This repulsion could explain how avian CNC cells are guided to their targets in vivo, given that the stereotypical pathways through which they migrate are bordered by cells expressing ephrin-B1 or EphB2. Furthermore, while the paradigm for Eph/ephrin function in directed cell migration is that Eph-expressing migratory cells or outgrowing axons are guided to their targets by receptor-mediated repulsion from ephrin-expressing cells, our results suggest that reverse signaling from Eph to ephrin can also play a role. Thus, Ephs and ephrins can regulate the path finding behavior of migrating avian CNC cells.

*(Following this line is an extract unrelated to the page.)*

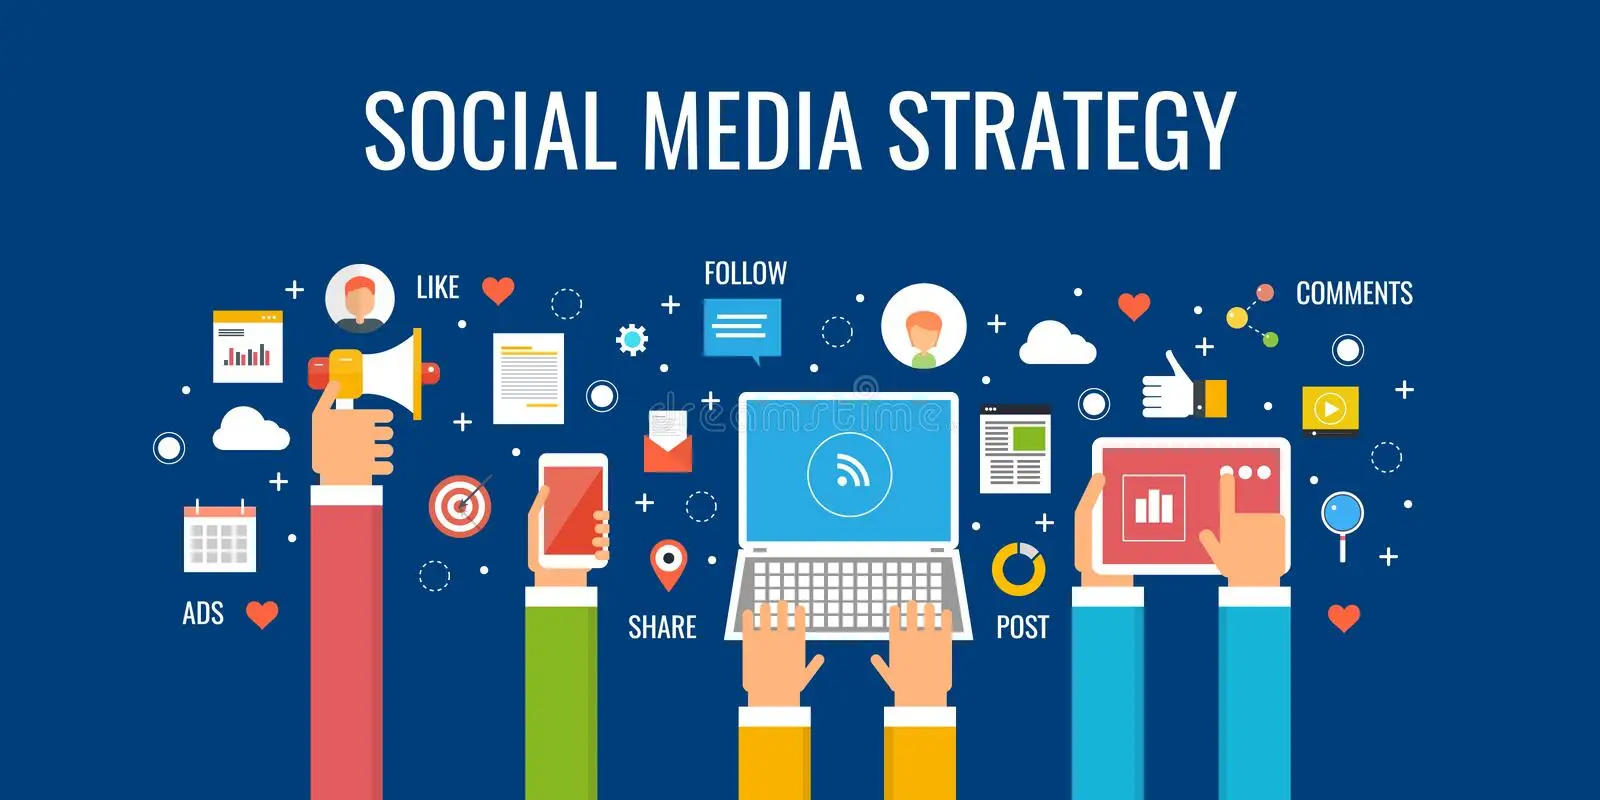 8 Effective Social Media Strategies for Business Growth

A remarkable aspect of these studies is the differences that are apparent within the vertebrates in the distribution of hindbrain Ephs and ephrins (Table 1). Although data are incomplete, it is apparent that the combination of Eph receptors and ephrins expressed by the different populations of hindbrain neural crest varies between the classes of vertebrates. Overall, hindbrain neural crest of mice, chickens and frogs express similar subsets of Eph receptors and ephrins, however, few of the receptors or ephrins are expressed by precisely the same populations of neural crest or bordering tissue. The patterns of hindbrain neural crest migration are similar, yet the molecules that are in part responsible for patterning the streams appear to differ. This is particularly striking with the data from mouse and chick with respect to ephrin-B1 and ephrin-B2. In mice ephrin-B1 is expressed by migrating CNC cells and there is direct evidence that it functions as a reverse signaling receptor to regulate CNC path finding [6]. In chicks, ephrin-B1 is expressed by mesoderm cells that border the migratory pathways and it appears to function as a ligand that mediates repulsion of migrating neural crest. Similarly, ephrin-B2 is expressed by all three streams of neural crest cells in chicks, yet in mice ephrin-B2 functions as a ligand and is expressed in tissues bordering neural crest pathways [4]. Ephrin-B1 and ephrin-B2 appear to have evolved opposite roles in guidance of chicken and mouse embryos hindbrain neural crest.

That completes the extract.